A probe into Scala spark machine learning

Source: Internet
Author: User
Tags new set

Transformer: is an abstract class containing a feature converter, and the final learning model, the need to implement the Transformer method typically Transformer add several columns to an RDD, eventually converting to another RDD, 1. A feature converter typically processes a dataset, converting one column of data into a new set of data. and add a new data column behind the dataset, resulting in a new dataset output. 2. A learning model converter is used to process a data set, read the column containing the eigenvectors, predict a result label for each eigenvector, add the result label as a new data column, and output the results.

Estimator: Machine Learning Algorithm abstract class, need to implement fit () method, fit method will handle an RDD, produce a transformer. For example Logistricregression is a estimator, call fit method to train out a Logistricregressionmodel object, this is a transformer. Transformer and estimator are stateless. Each instance has a unique ID pipeline Job machine learning field, a set of algorithms are commonly used to process and learn data, such as a simple text document processing process includes the following steps to convert text words into digital eigenvectors with eigenvectors and tags to train a model out.

Spark ml can represent these processes with pipeline. Pipeline is the engineering nature of things, feel similar to the factory model, can be the whole process, as well as each step on the transformer, estimator assembled together.

Enter the following code directly on the Spark-shell command line to execute it.
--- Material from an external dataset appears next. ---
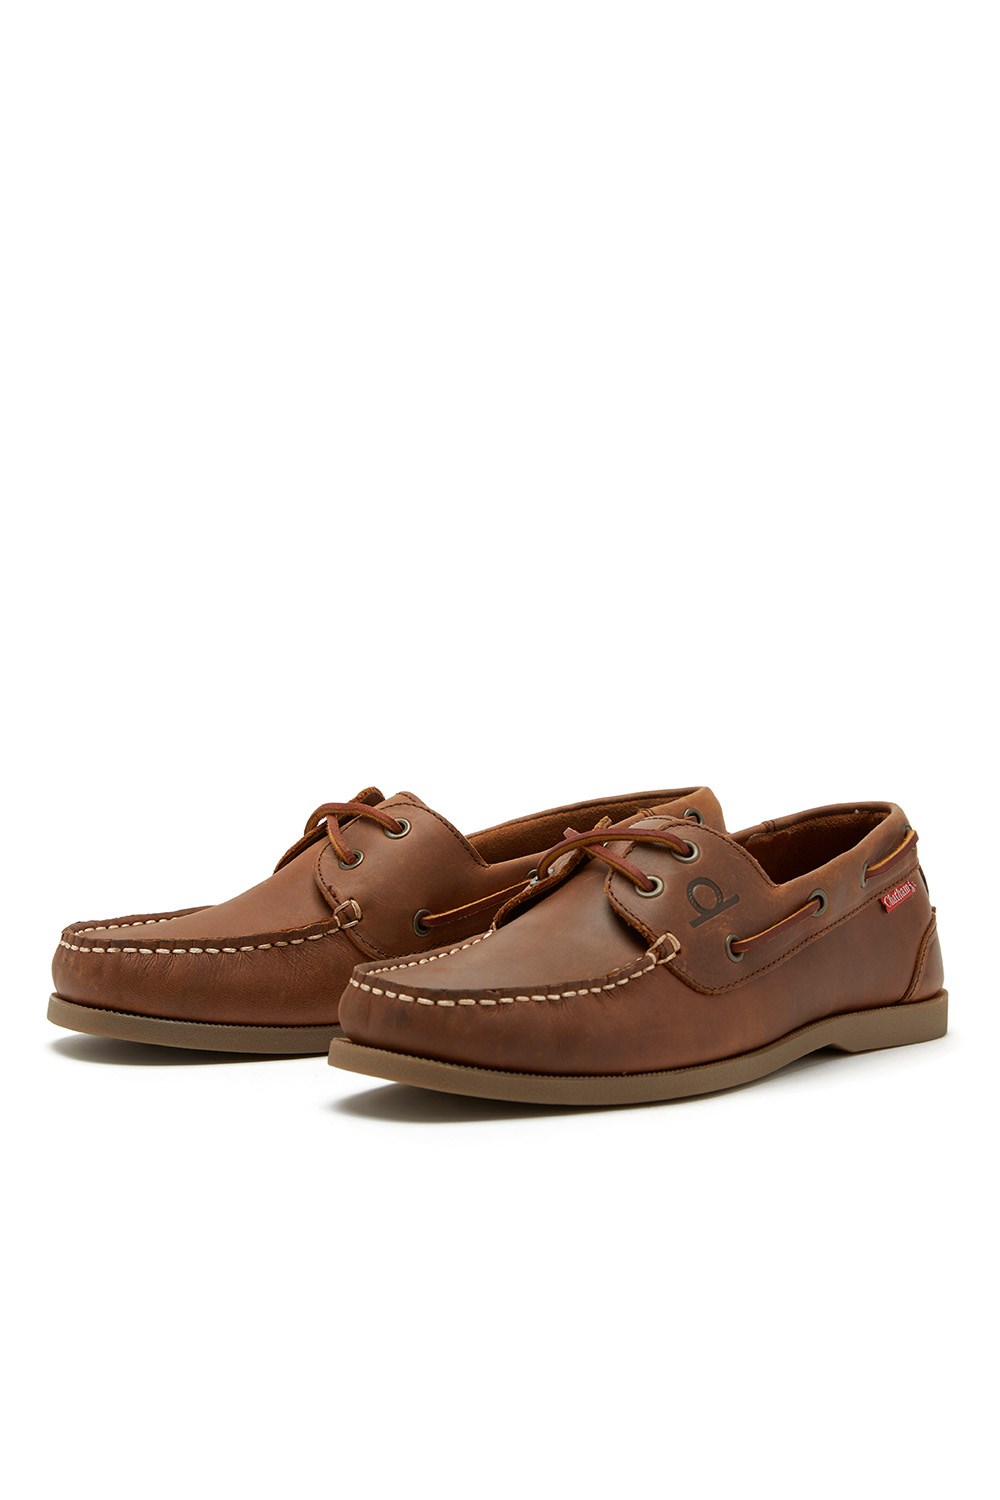 Galley Ii Mens Leather Boat Shoes -

Stringindexer can map a value in a property column to a numeric type.  However, the default data data of the logistic regression classifier is sequential and orderly, so the number generated by stringindexer needs to be processed further. Here with Onehotencoder, the single-Hot code is one-hot encoding, also known as a valid encoding, the method is to use n-bit status register to encode n states, each state by his independent register bit, and at any time, only one of them is valid.

It can be understood that for each feature, if it has m possible values, then after the single-hot code, it becomes the M two-dollar feature. Also, these features are mutually exclusive, with only one activation at a time. As a result, the data becomes sparse.

The main benefits of this are:

    1. Solves the problem that the classifier does not handle the attribute data well

    2. To some extent, it also plays an important role in expanding features.

Import Org.apache.spark.ml.feature._

Import Org.apache.spark.ml.classification.LogisticRegression

Import Org.apache.spark.mllib.linalg. {Vector, Vectors}

Import Org.apache.spark.mllib.regression.LabeledPoint

Val df= sqlcontext.createdataframe (Seq (

(0, "a"),

(1, "B"),

(2, "C"),

(3, "a"),

(4, "a"),

(5, "C"),

(6, "D")). TODF ("id", "category")

Val indexer = new Stringindexer (). Setinputcol ("category"). Setoutputcol ("Categoryindex"). Fit (DF)

Val indexed = Indexer.transform (DF)

Indexed.select ("category", "Categoryindex"). Show ()

Val encoder = new Onehotencoder (). Setinputcol ("Categoryindex"). Setoutputcol ("Categoryvec")

Val encoded = encoder.transform (indexed)

val data = encoded.rdd.map {x = =

{

Val featurevector = Vectors.dense (X.getas[org.apache.spark.mllib.linalg.sparsevector] ("CategoryVec"). ToArray)

Val label = X.getas[java.lang.integer] ("id"). todouble

Labeledpoint (label, Featurevector)

}

}

var result = sqlcontext.createdataframe (data)

Scala> Result.show ()

+-----+-------------+

|label| features|

+-----+-------------+

| 0.0| [1.0,0.0,0.0]|

| 1.0| [0.0,0.0,1.0]|

| 2.0| [0.0,1.0,0.0]|

| 3.0| [1.0,0.0,0.0]|

| 4.0| [1.0,0.0,0.0]|

| 5.0| [0.0,1.0,0.0]|

| 6.0| [0.0,0.0,0.0]|

+-----+-------------+

The entire features column becomes a sparse matrix.

A probe into Scala spark machine learning

Contact Us

The content source of this page is from Internet, which doesn't represent Alibaba Cloud's opinion; products and services mentioned on that page don't have any relationship with Alibaba Cloud. If the content of the page makes you feel confusing, please write us an email, we will handle the problem within 5 days after receiving your email.

If you find any instances of plagiarism from the community, please send an email to: info-contact@alibabacloud.com and provide relevant evidence. A staff member will contact you within 5 working days.

A Free Trial That Lets You Build Big!

Start building with 50+ products and up to 12 months usage for Elastic Compute Service

  • Sales Support

    1 on 1 presale consultation

  • After-Sales Support

    24/7 Technical Support 6 Free Tickets per Quarter Faster Response

  • Alibaba Cloud offers highly flexible support services tailored to meet your exact needs.